On September 18, 2013, the Securities and Exchange Commission (“SEC”) voted to adopt its final rule establishing registration requirements for municipal advisors in accordance with the Dodd-Frank Act. This final rule went into effect on July 1, 2014. The new rule will greatly impact the ability of certain service providers, particularly broker-dealers and investment bankers, to interact with their issuer and conduit borrower clients.
The SEC final rule requires that people who provide “advice” to a municipal entity or “obligated person” with respect to investment strategies register with the SEC if such advice relates to (i) the issuance of municipal securities, (ii) the investment of proceeds of municipal securities, or (iii) municipal derivatives. Under the rule, the term obligated persons includes traditional conduit borrowers such as nonprofit healthcare providers and universities who are obligated to repay amounts borrowed through a municipal securities offering. Whether someone gives advice to a municipal entity or obligated person is based on “all of the relevant facts and circumstances,” including whether the advice: (i) involves a recommendation to a municipal entity, (ii) is particularized to the specific needs of a municipal entity, or (iii) relates to municipal financial products or the issuance of municipal securities.

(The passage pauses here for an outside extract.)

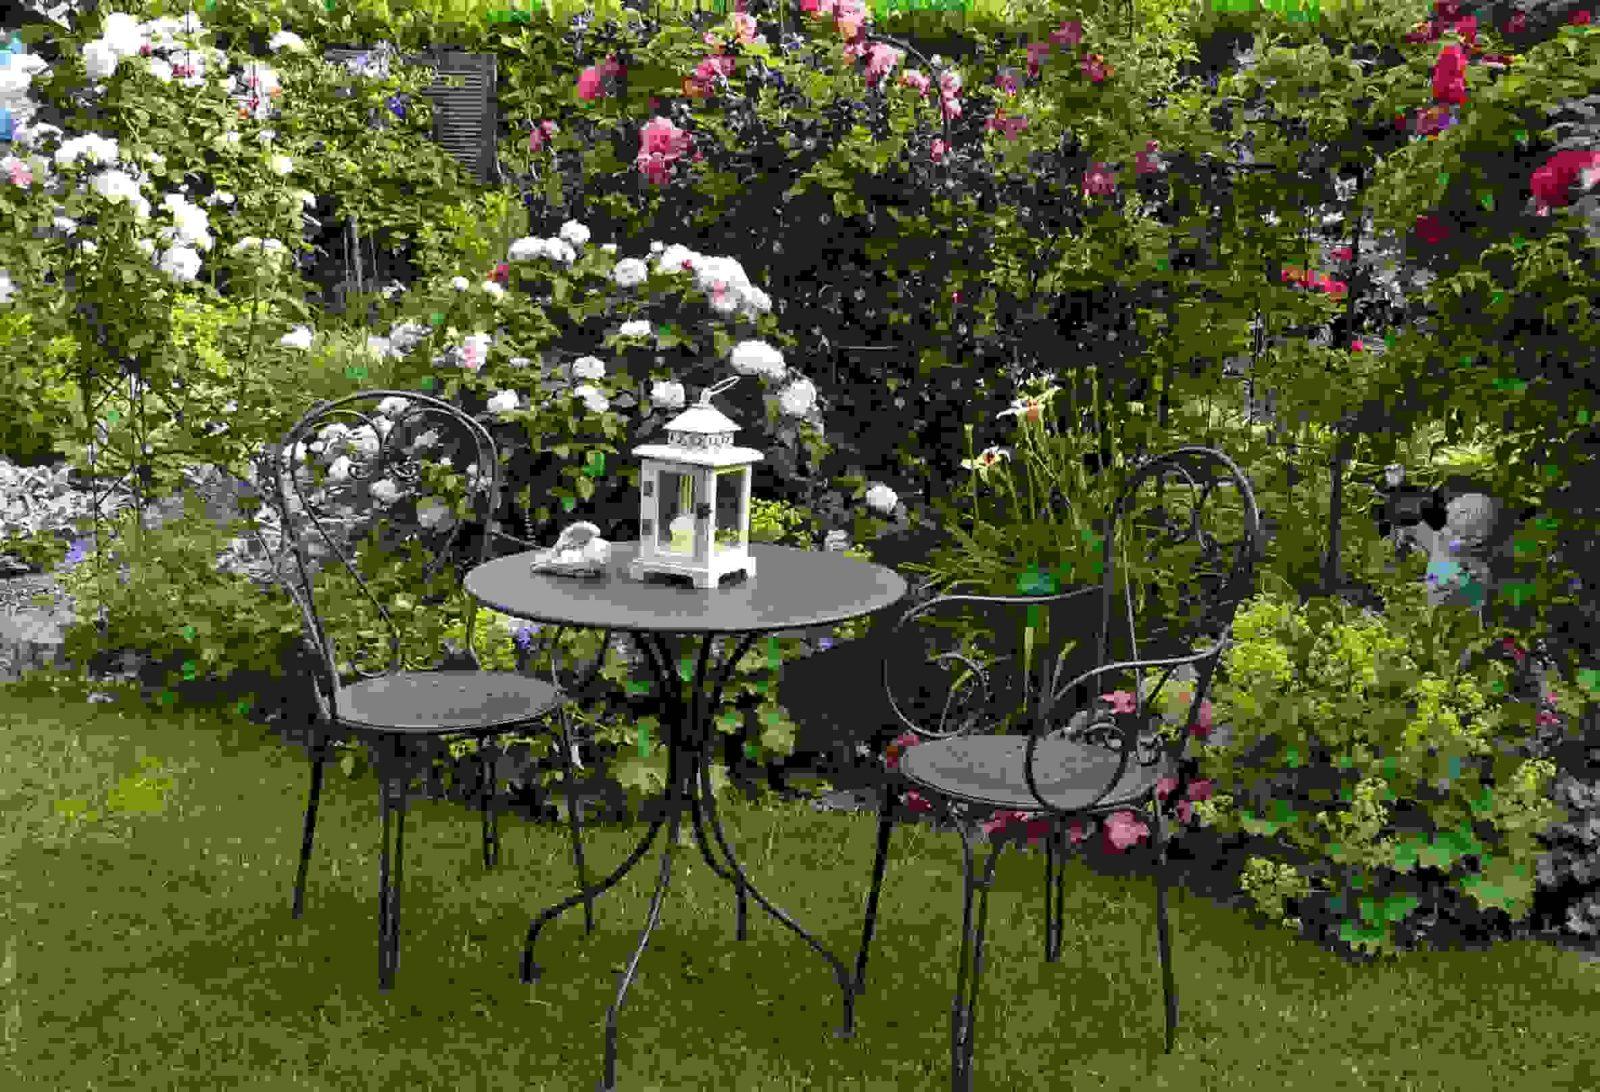 Beliebt Gartengestaltung Kleine Gärten Beispiele Von Gartenideen Für von Gartenideen Für Wenig Geld Bild

Many investment bankers regularly work with their issuer and borrower clients to come up with appropriate and often innovative financial recommendations that best suit the clients’ needs with respect to a potential transaction or series of transactions. Under the new rule, this type of advice, even something as simple as recommending a refunding transaction, qualifies the investment banker as a municipal advisor, triggering registration requirements and a fiduciary duty. Further, under the new rules, as a municipal advisor, the banker would not be permitted to serve as the underwriter for any transaction where such advice was offered. As a result, many investment bankers will likely find it in their best interest not to provide this type of advice to issuers and conduit borrowers regarding a potential transaction, unless an exclusion or exemption from registration under the rule can be found.
Exemption from Registration if Engaged as an Underwriter
Brokers, dealers, and municipal securities dealers who work as underwriters are exempt from registration as a municipal advisor so long as their advice involves the structure, timing and terms of a municipal securities issuance. To qualify for this exemption, there must be an engagement of the dealer as an underwriter. The SEC has noted that this exemption begins when the underwriter is engaged and continues until the end of the underwriting period for that transaction. As a result of this exemption, the underwriter does not incur a fiduciary duty to the borrower. An engagement letter or letter of intent may be subject to certain conditions, such as formal approval of the selection of the underwriter by the borrower’s governing body or finalizing the structure of the issue of municipal securities. It may also state that the engagement is nonbinding and can be terminated by either party.
It is important to note, however, that the underwriter exemption does not apply to advice other than that relating to the structure, timing and terms of an issuance. The SEC has noted that underwriters may also assist in related matters such as rating presentations and strategies, investor road shows and the preparation of preliminary and final official statements. However, the underwriter exclusion does not apply to advice on the investment of proceeds of municipal securities, advice on municipal derivatives, or advice relating to the method of sale of municipal securities.
Exemption from Registration for a RFP
The rule provides an exemption for responses to a borrower’s request for proposals (“RFP”). This exemption allows borrowers to seek input from broker-dealers, investment banks and other market participants regarding a proposed issuance of municipal securities. The RFP must meet certain guidelines established by the SEC for this exemption to apply, including that the RFP clearly identifies the objective of the issuer or borrower, that it remains open for a reasonable specified period of time and that it be sent to a particular number of firms or publicly posted, among others. If these criteria are met, then those responding to the RFP may provide advice on a non-fiduciary basis without triggering registration as a municipal advisor under the rule.
Exemption from Registration due to Involvement of a Registered Municipal Advisor
If an issuer or borrower is already represented by an “Independent Registered Municipal Advisor” (“IRMA”), a dealer or investment banker may provide advice to the issuer or borrower so long as the following conditions are met:
- An IRMA is providing advice to the borrower with respect to the same issuance of municipal securities or matter;
- The IRMA representing the borrower was not associated with the person seeking to rely on the exemption within the past two years;
- The person seeking to rely on the exemption obtains a written statement of the borrower that the borrower is represented by an IRMA, and will rely on the advice of the IRMA and the person can reasonably rely on this statement; and
- The person seeking to rely on the exemption discloses to the borrower that it is not a municipal advisor and, in the case of municipal entities, is not subject to the fiduciary duty that applies to registered municipal advisors. The person also provides a copy of such disclosure to the IRMA at a time and in a manner that allows the borrower to assess the benefits and conflicts of interest the person may have.